The firm will also recommend infrastructure financing and cost allocation strategies and prepare recommendations for development.

Sandoval said Jones Lang LaSalle’s experience and ability to work quickly and efficiently is a reason he liked hiring the firm.

“When we were looking at different firms and their ability to move quickly with the quality we want, but also move with speed, all other firms we looked at would’ve taken four to six months longer to get moving,” Sandoval said at the council meeting.

Jones Lang LaSalle comes to the bayfront project with a hefty résumé.

The global corporation helped with the redevelopment of the new World Trade Center in New York, and is internationally known for serving as the development advisor in London’s Canary Wharf and the Greenwich Peninsula in London.

CCI Partners will work in collaboration with HKS Urban Design Studio to assist in the bayfront designing process.

The consulting and advisory firm’s role for the Bayfront Master Plan is to prepare design guidelines for developers and to develop branding and marketing strategies.
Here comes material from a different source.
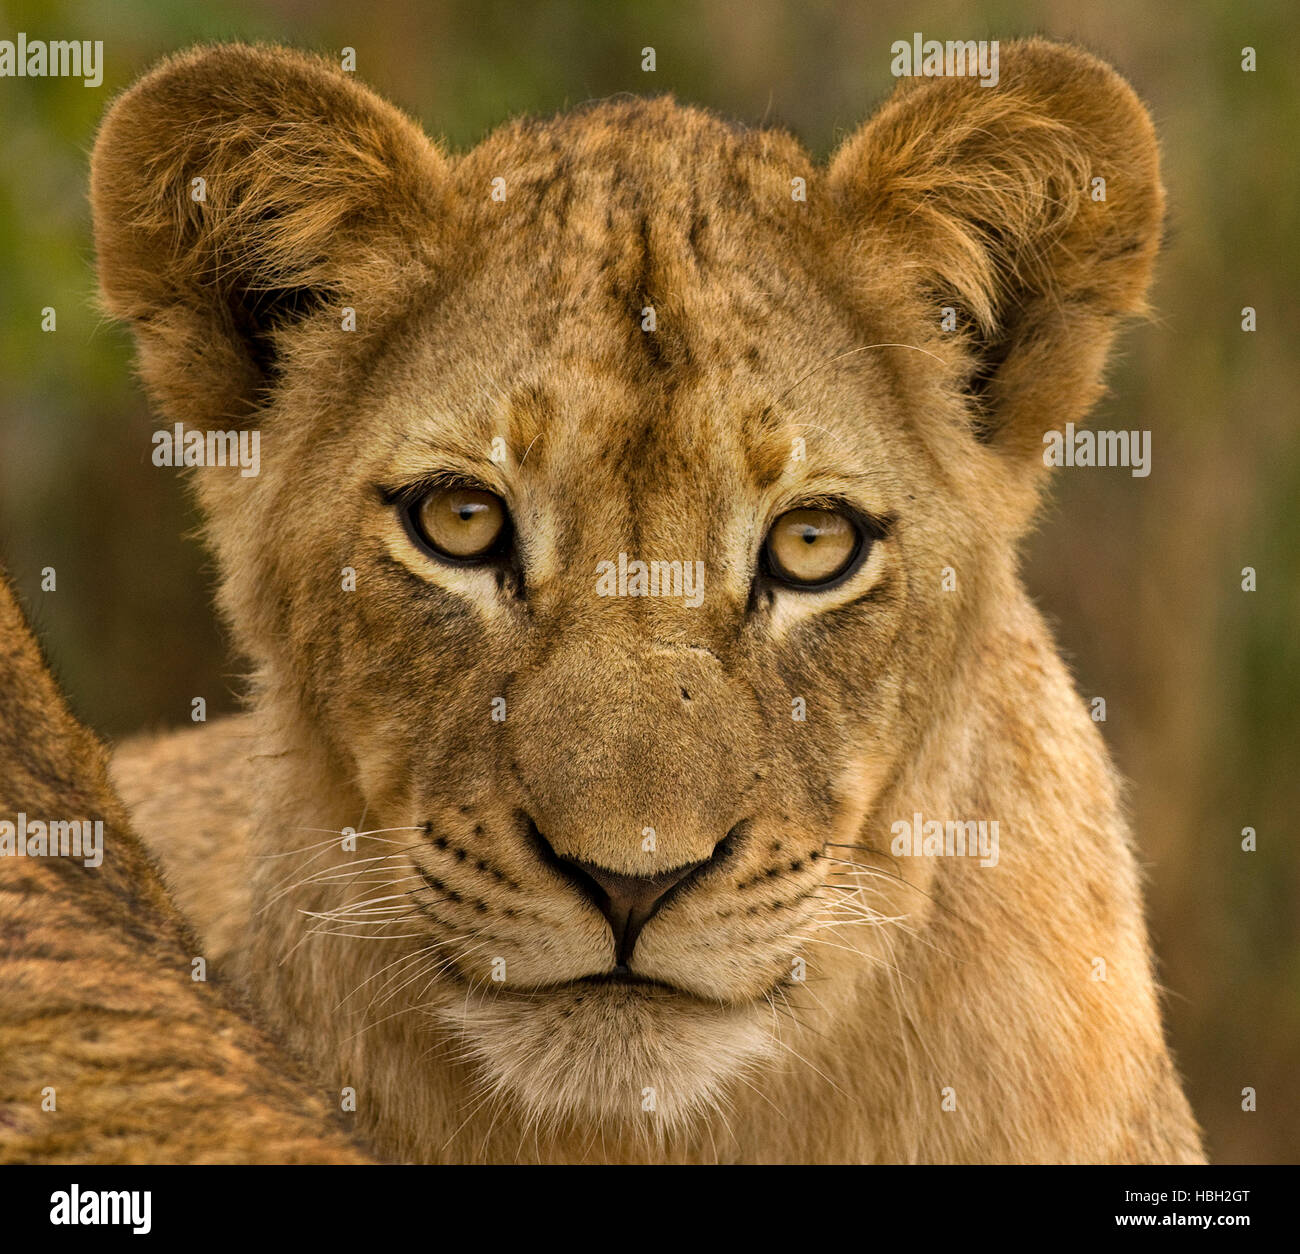 Lion Cub (Panthera leo) close up portrait Stock Photo

HKS Urban Design Studio’s duty is to establish the design guidelines of the Bayfront Master plan.

Randall Morton, associate principal director of Urban Design, said he wants to design the bayfront with an iconic look.

“We want to have one significant, memorable postcard icon for not only a city but a county and region,” he said.

Morton said the 535-acre bayfront will be split into two sections.

The first section he said is a public realm, which is 329 acres long and 61 percent of the project.

The public realm consists of parks, wetlands, buffer zones, streets and water areas.

The other part of the bayfront is the private development area.

This  area is 39 percent of the bayfront project.

Morton said usually he wants a balance of 50-50, but because of the delicate nature of the bayfront they have it at 60-40.

Three districts will make up the bayfront: the Sweetwater district, which will include commercial recreation, the harbor district which will be mixed use, and the Otay district which will feature industrial and recreational use.

Because the core of the bayfront project lies on H Street it will be the most costly, Morton said.

“The best and most expensive and most prominent part that will be built is the foot of H Street,” he said.

At the meeting, Morton released conceptual renderings of what the bayfront might look like.

One of the images shows what Morton described “a classic California palm tree like street that is so memorable everywhere that it will be the post card icon.”

He said this phase will be built first.

The Port hired Jones Lang LaSalle for $495,000 for 11 months. CCI LLC and HMS Urban Design Studio were hired for 10 months at $345,000.